*Exercise requirements*:
Restate word for word only the lines from the one with "Mõdriku iluaed ja" through the end of the records; no pictures belong in the copy.

=====

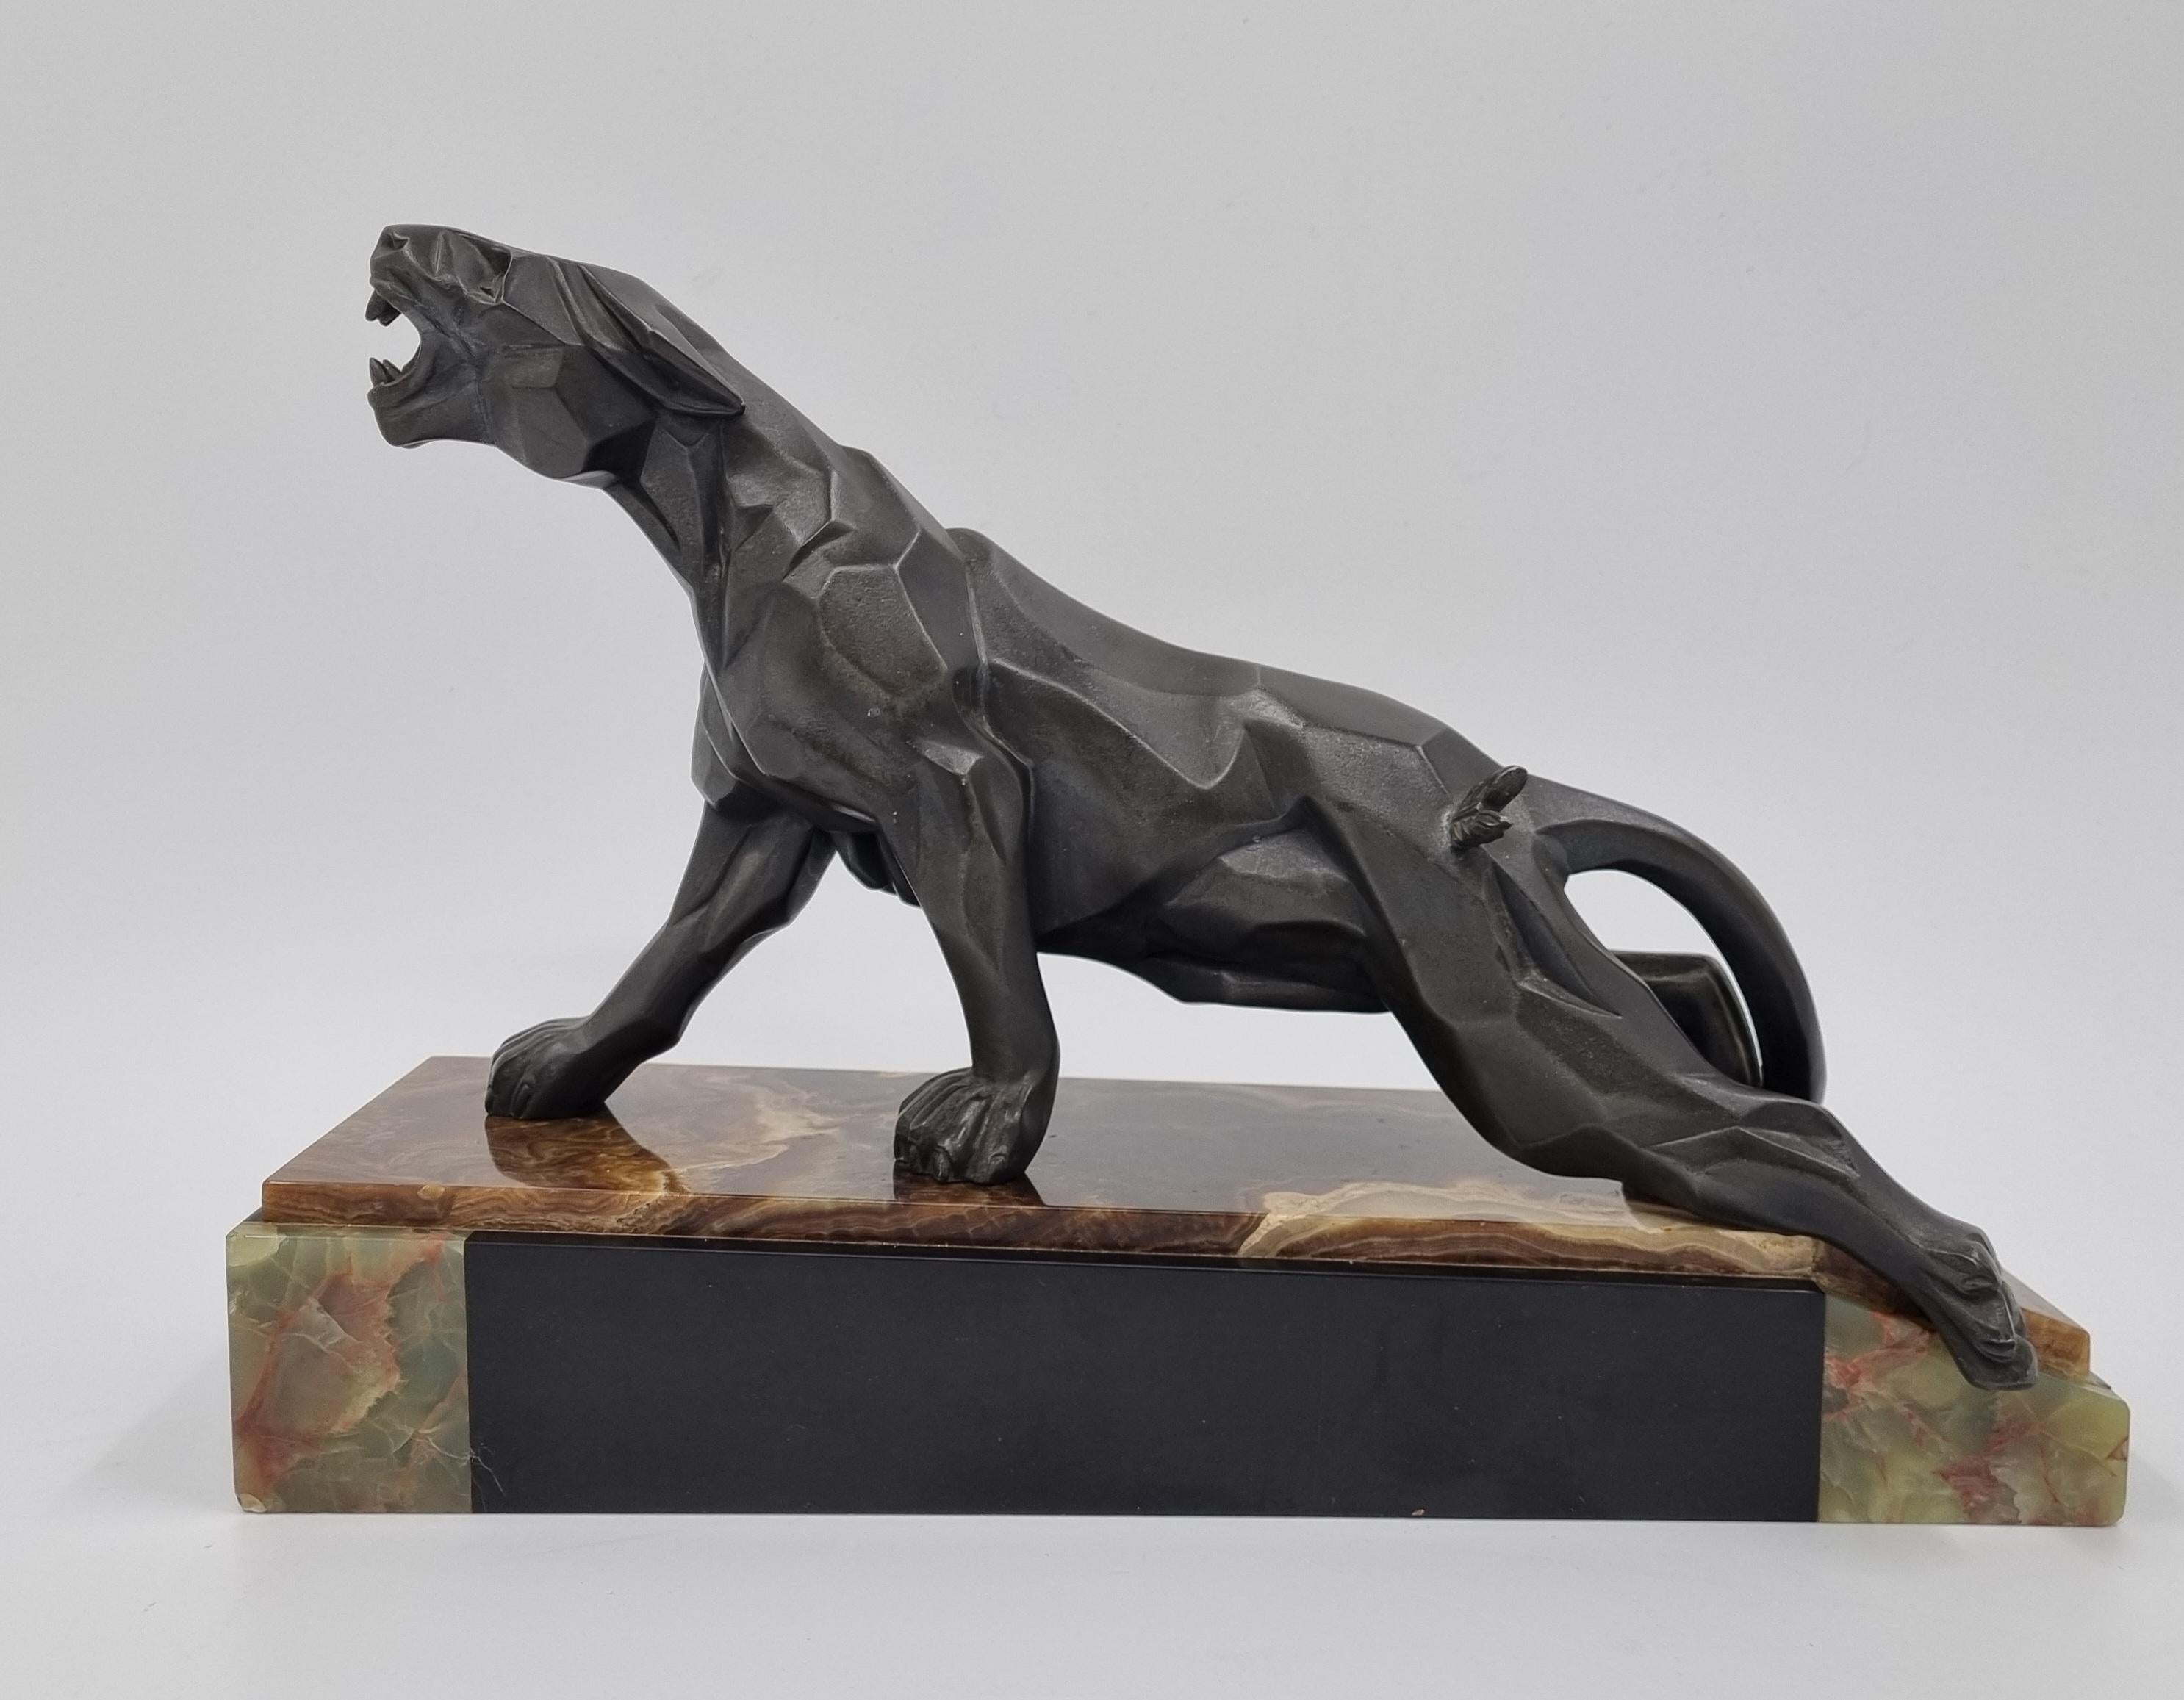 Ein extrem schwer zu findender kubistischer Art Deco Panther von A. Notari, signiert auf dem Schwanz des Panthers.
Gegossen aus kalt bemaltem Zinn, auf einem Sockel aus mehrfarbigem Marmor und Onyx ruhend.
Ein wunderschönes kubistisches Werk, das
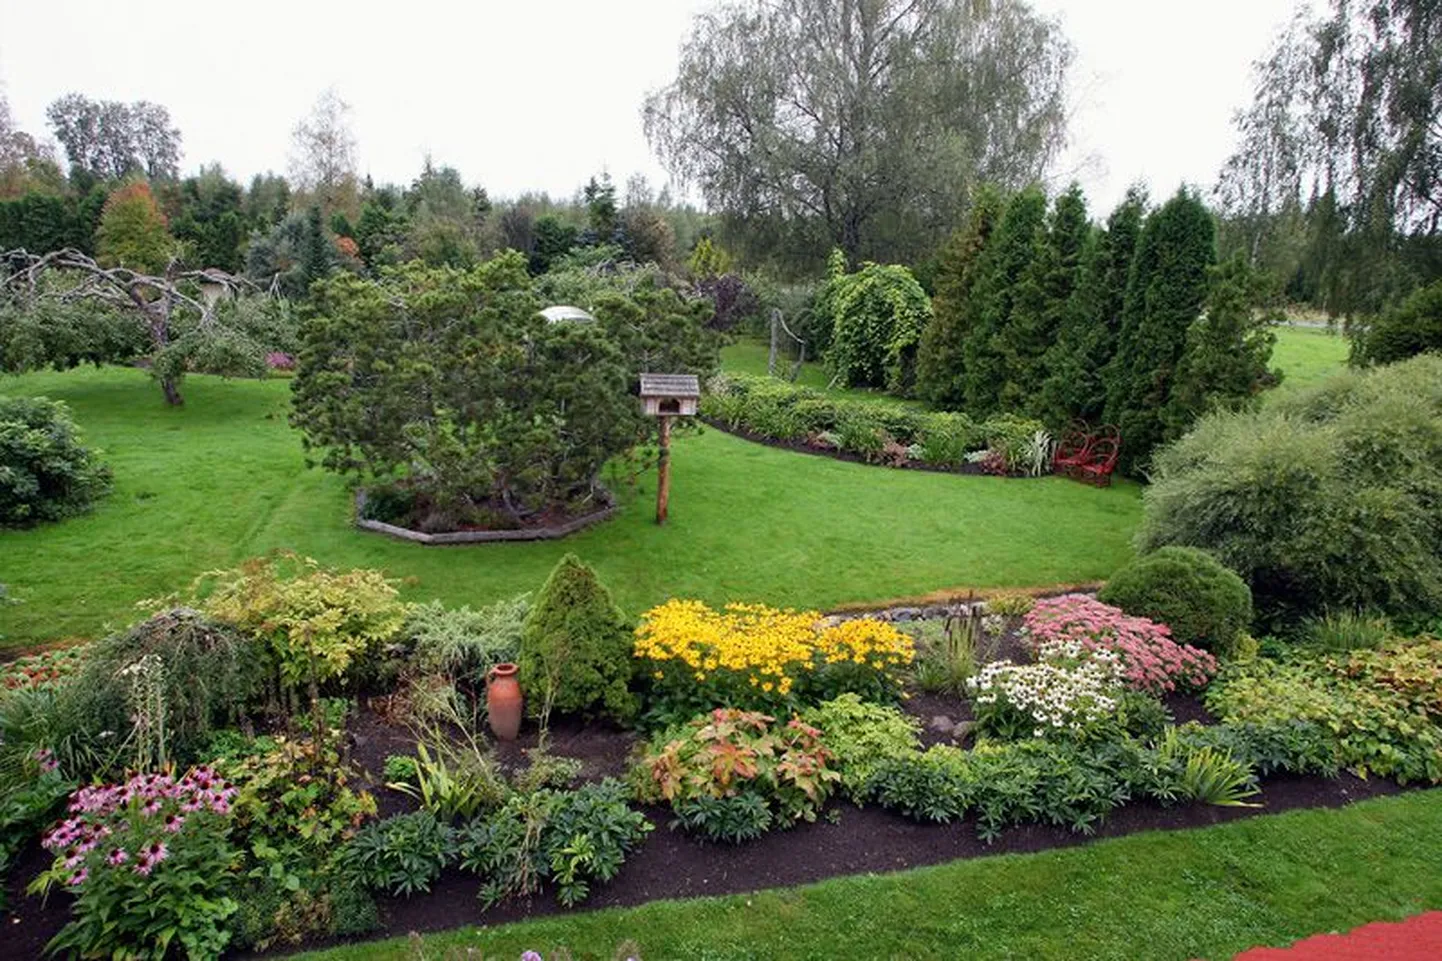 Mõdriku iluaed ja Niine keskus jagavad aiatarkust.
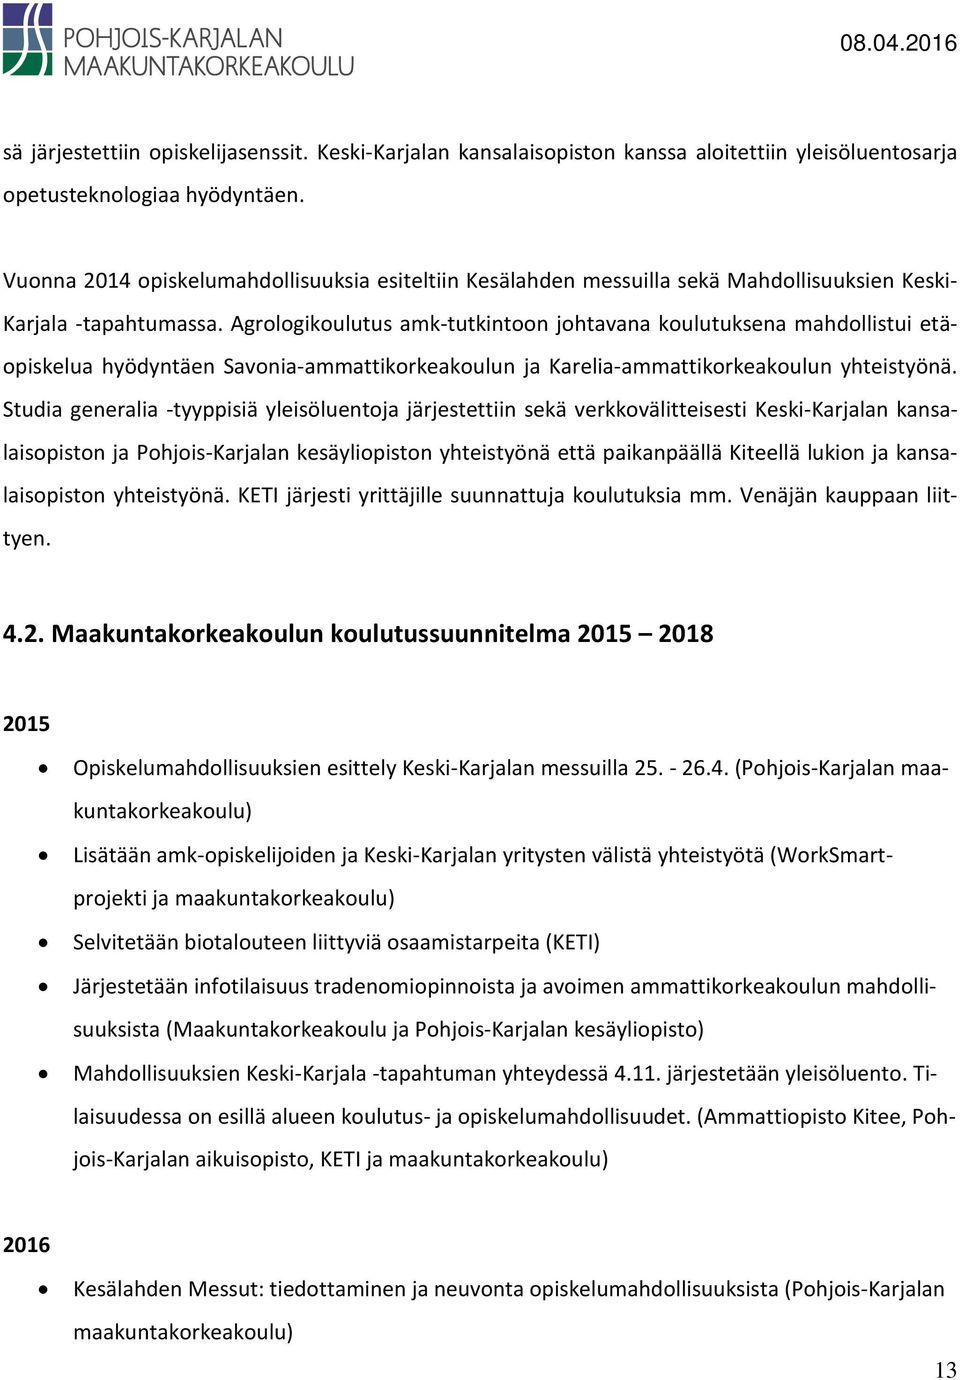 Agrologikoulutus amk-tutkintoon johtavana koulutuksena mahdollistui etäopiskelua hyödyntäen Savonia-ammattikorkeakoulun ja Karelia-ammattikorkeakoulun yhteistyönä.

=====

*Exercise response*:
 Mõdriku iluaed ja Niine keskus jagavad aiatarkust.
 Agrologikoulutus amk-tutkintoon johtavana koulutuksena mahdollistui etäopiskelua hyödyntäen Savonia-ammattikorkeakoulun ja Karelia-ammattikorkeakoulun yhteistyönä.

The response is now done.